::: INFORMATION GIVEN

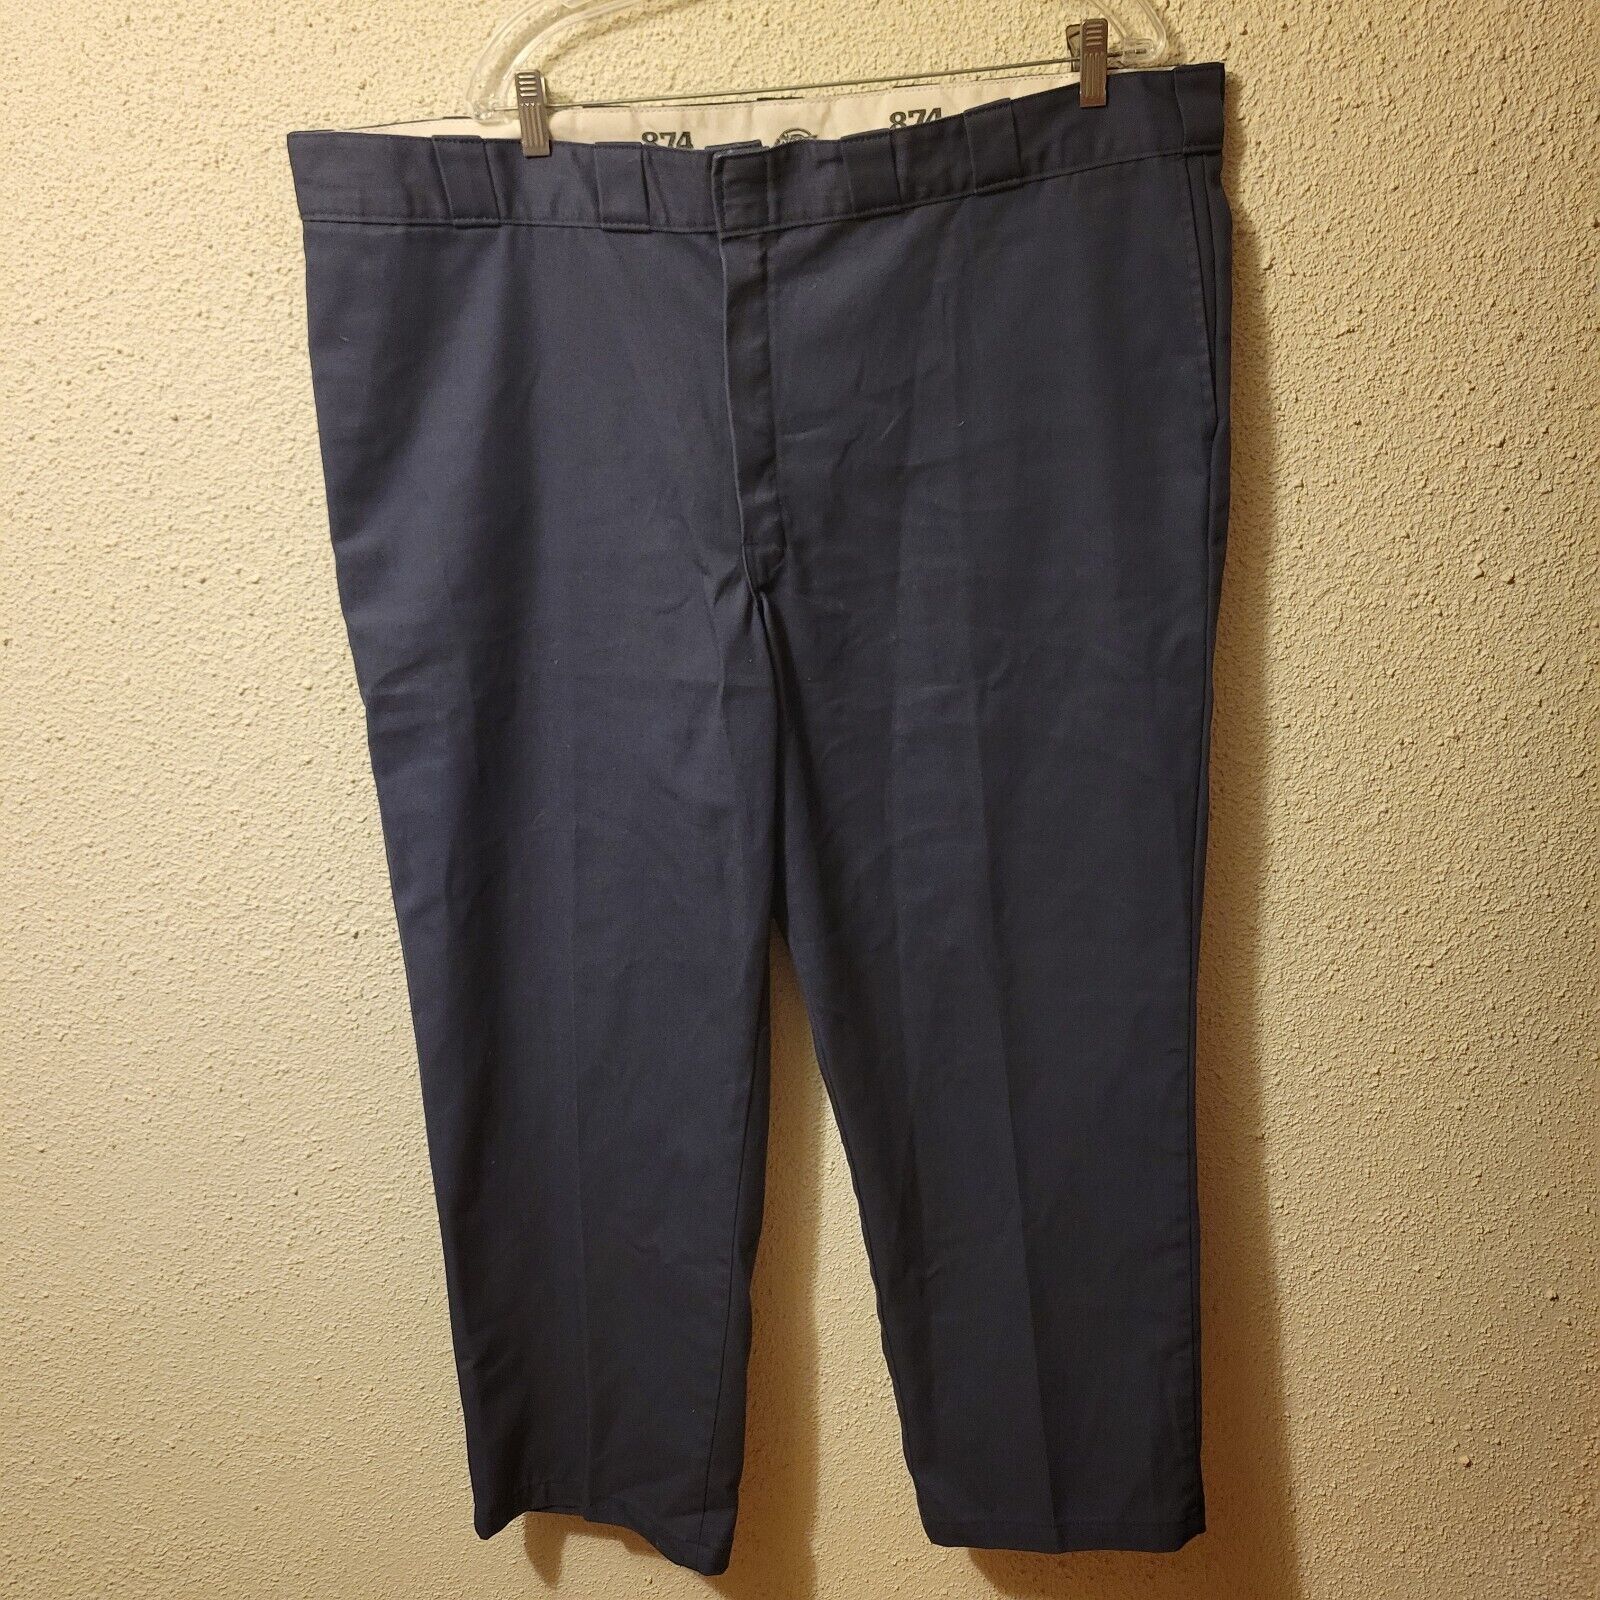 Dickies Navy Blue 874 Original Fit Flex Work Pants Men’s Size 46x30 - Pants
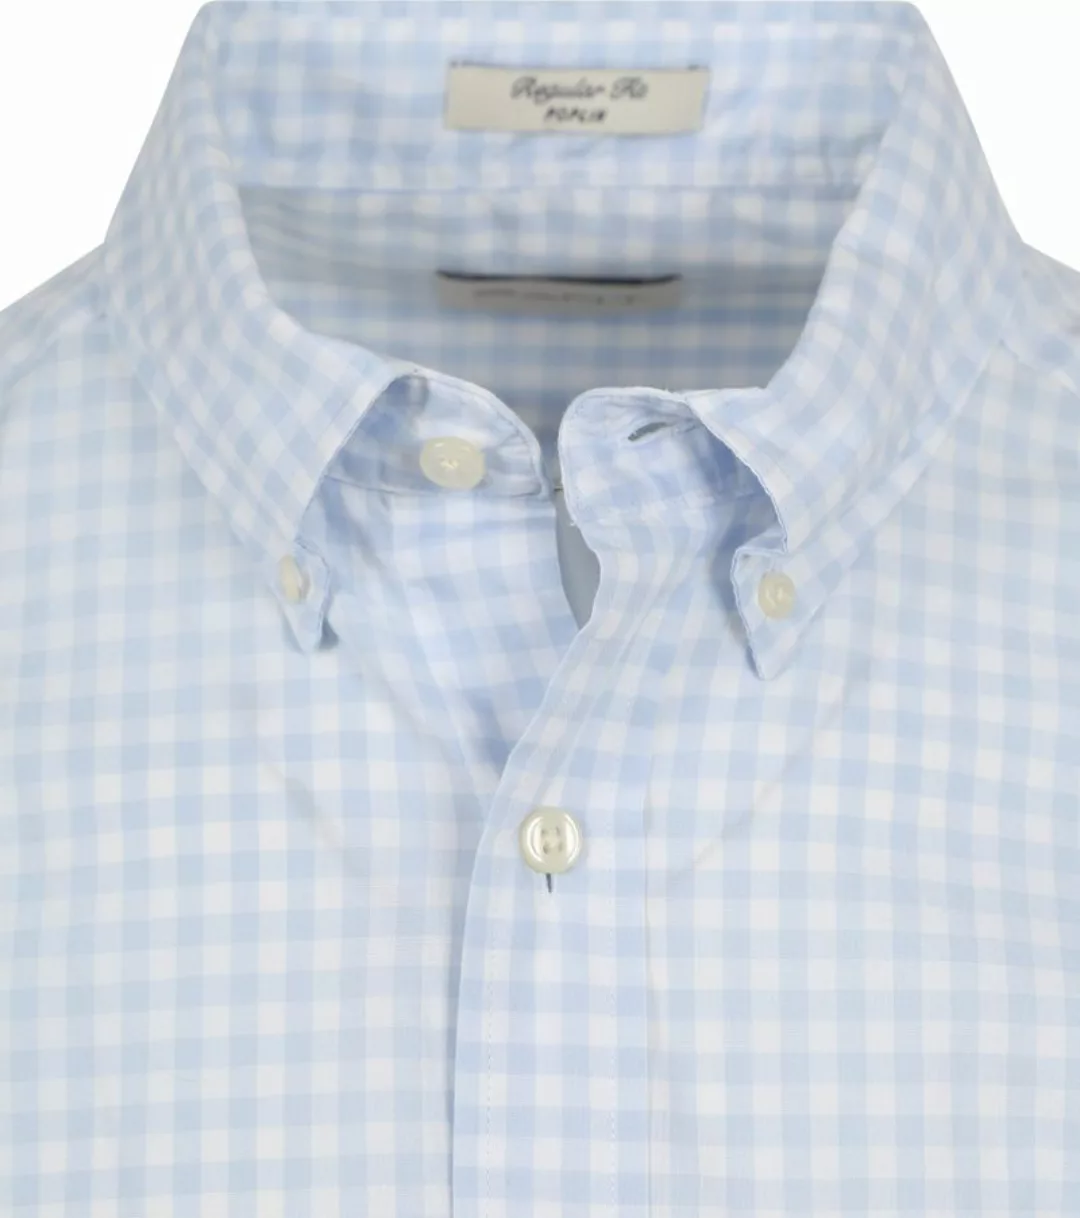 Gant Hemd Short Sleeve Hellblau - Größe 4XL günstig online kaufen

::::::
::: INFORMATION GIVEN

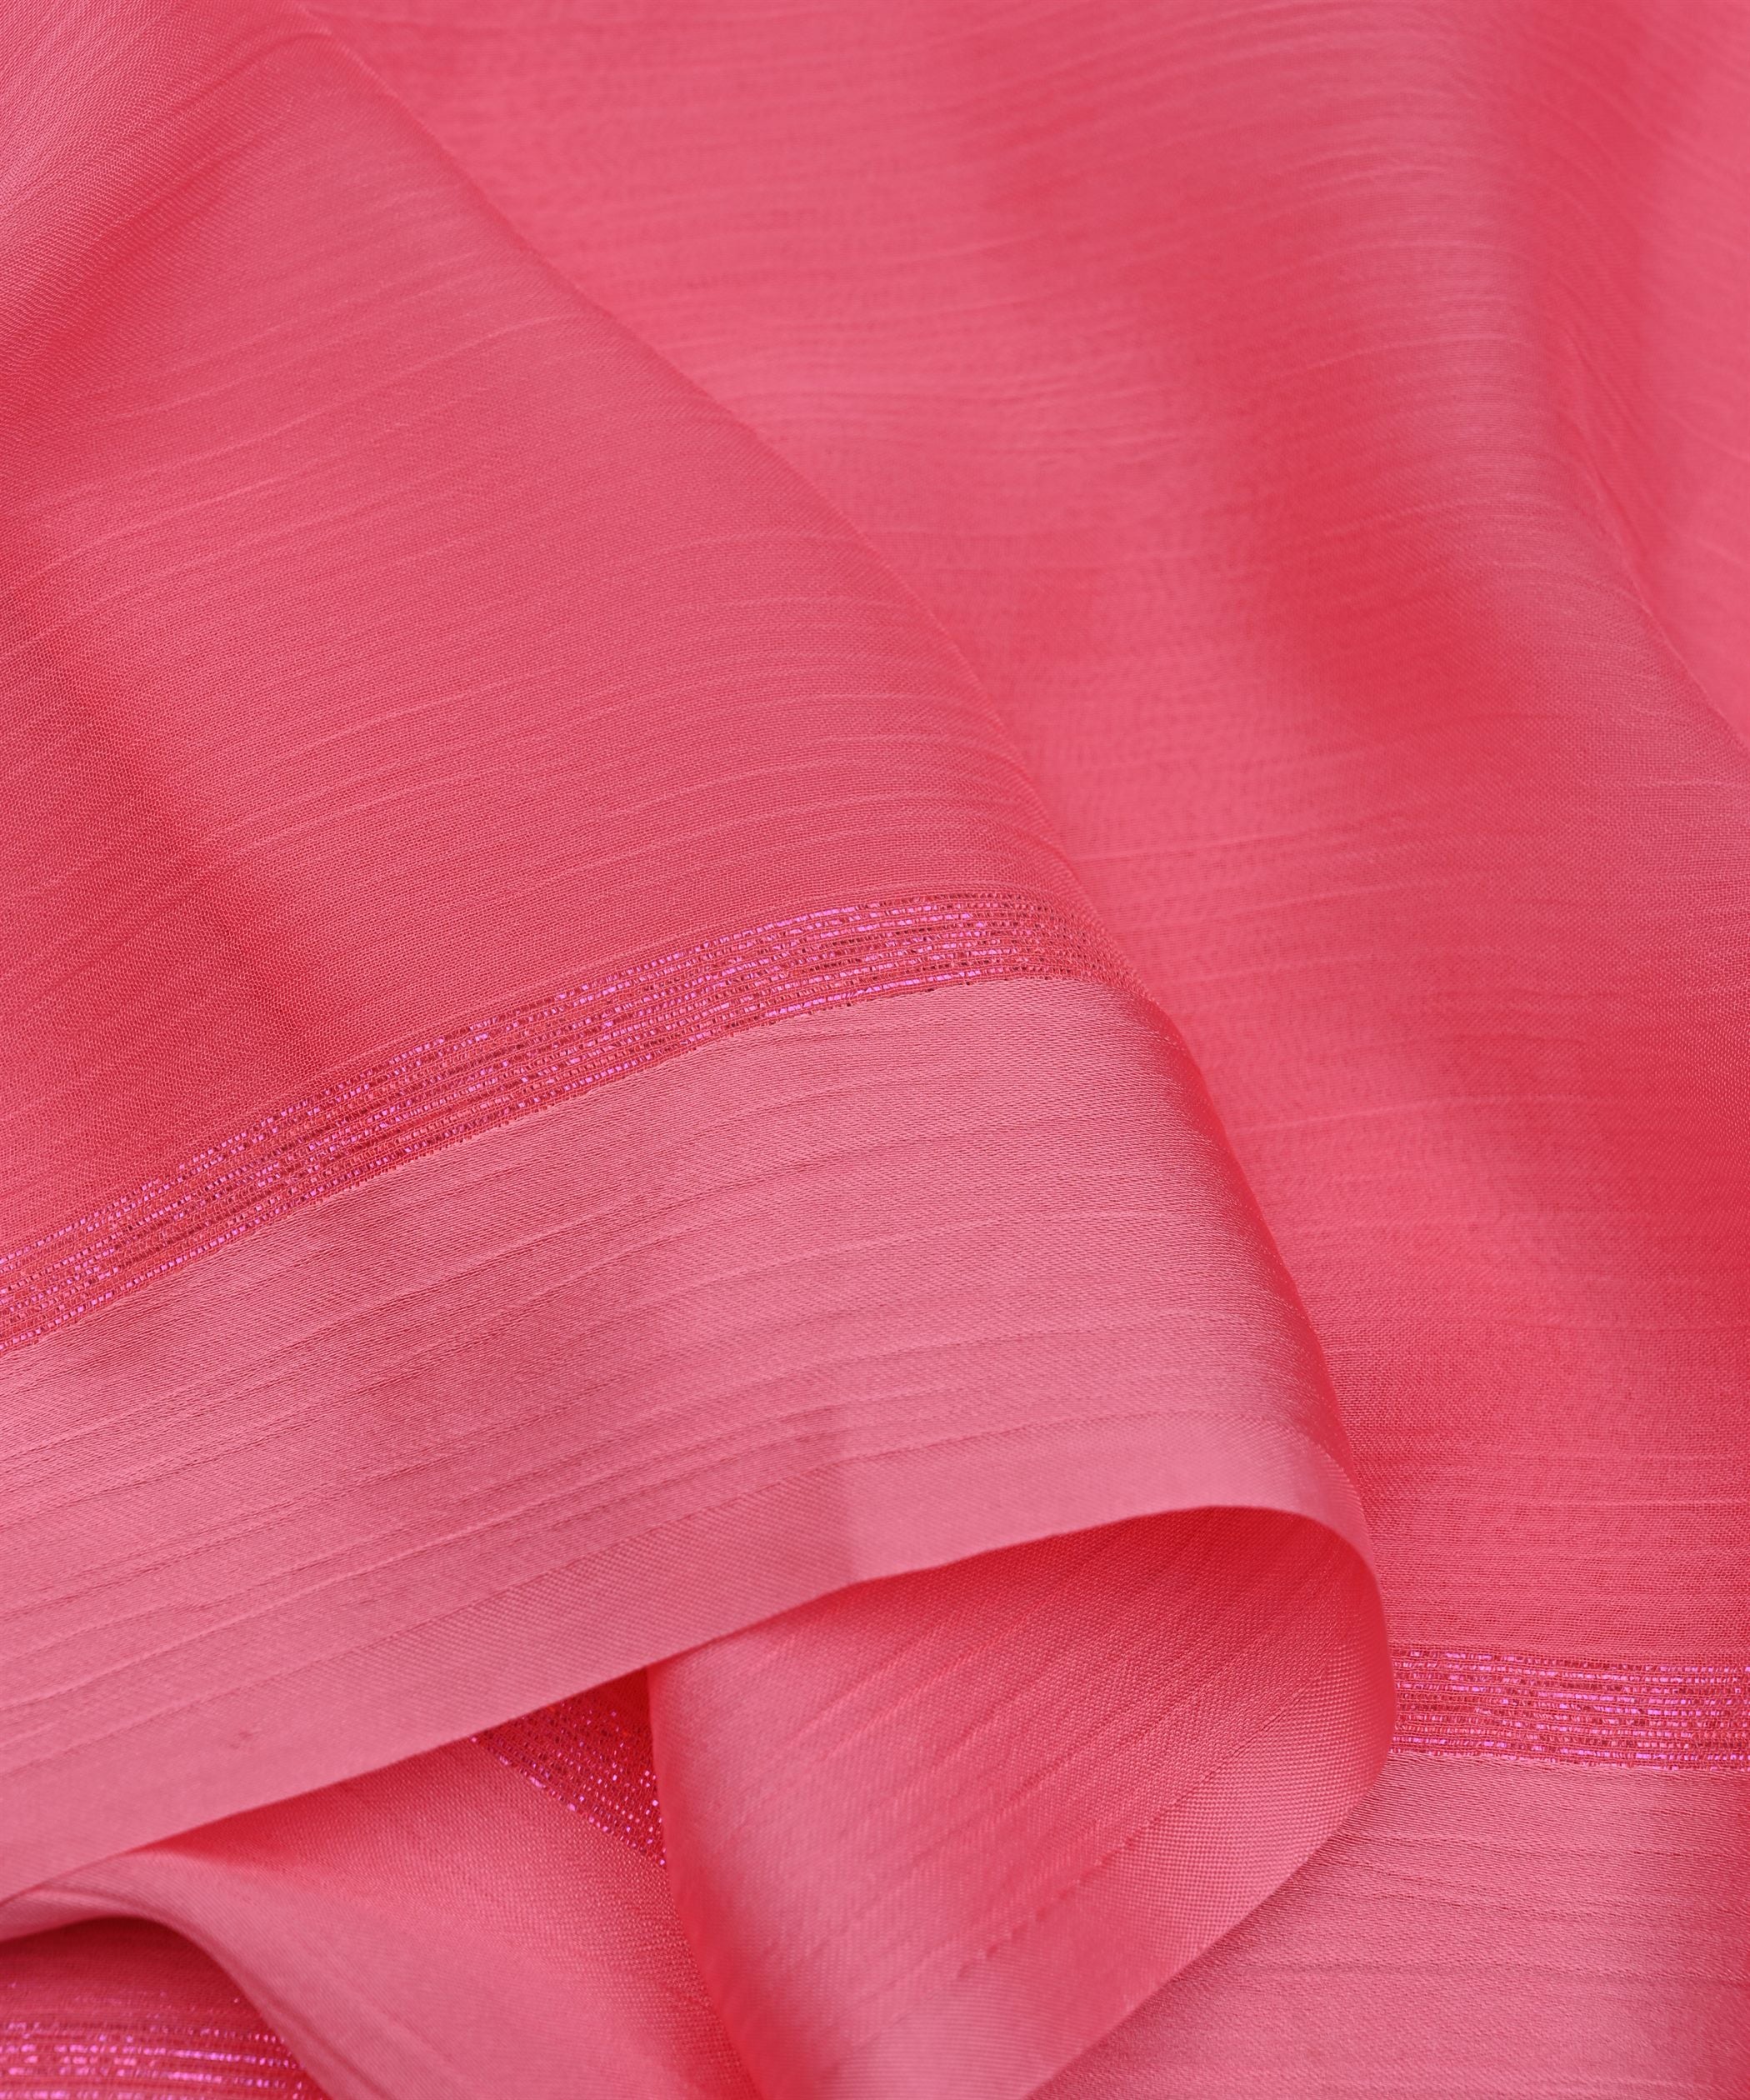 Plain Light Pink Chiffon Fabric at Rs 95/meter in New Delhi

::::::

WHAT IS REQUIRED: Using the records above, return verbatim only the part that opens with the line containing "Dickies Navy Blue" and closes with the line containing "Gant Hemd Short"; pictures stay out.

TASK SOLUTION:
 Dickies Navy Blue 874 Original Fit Flex Work Pants Men’s Size 46x30 - Pants
 Gant Hemd Short Sleeve Hellblau - Größe 4XL günstig online kaufen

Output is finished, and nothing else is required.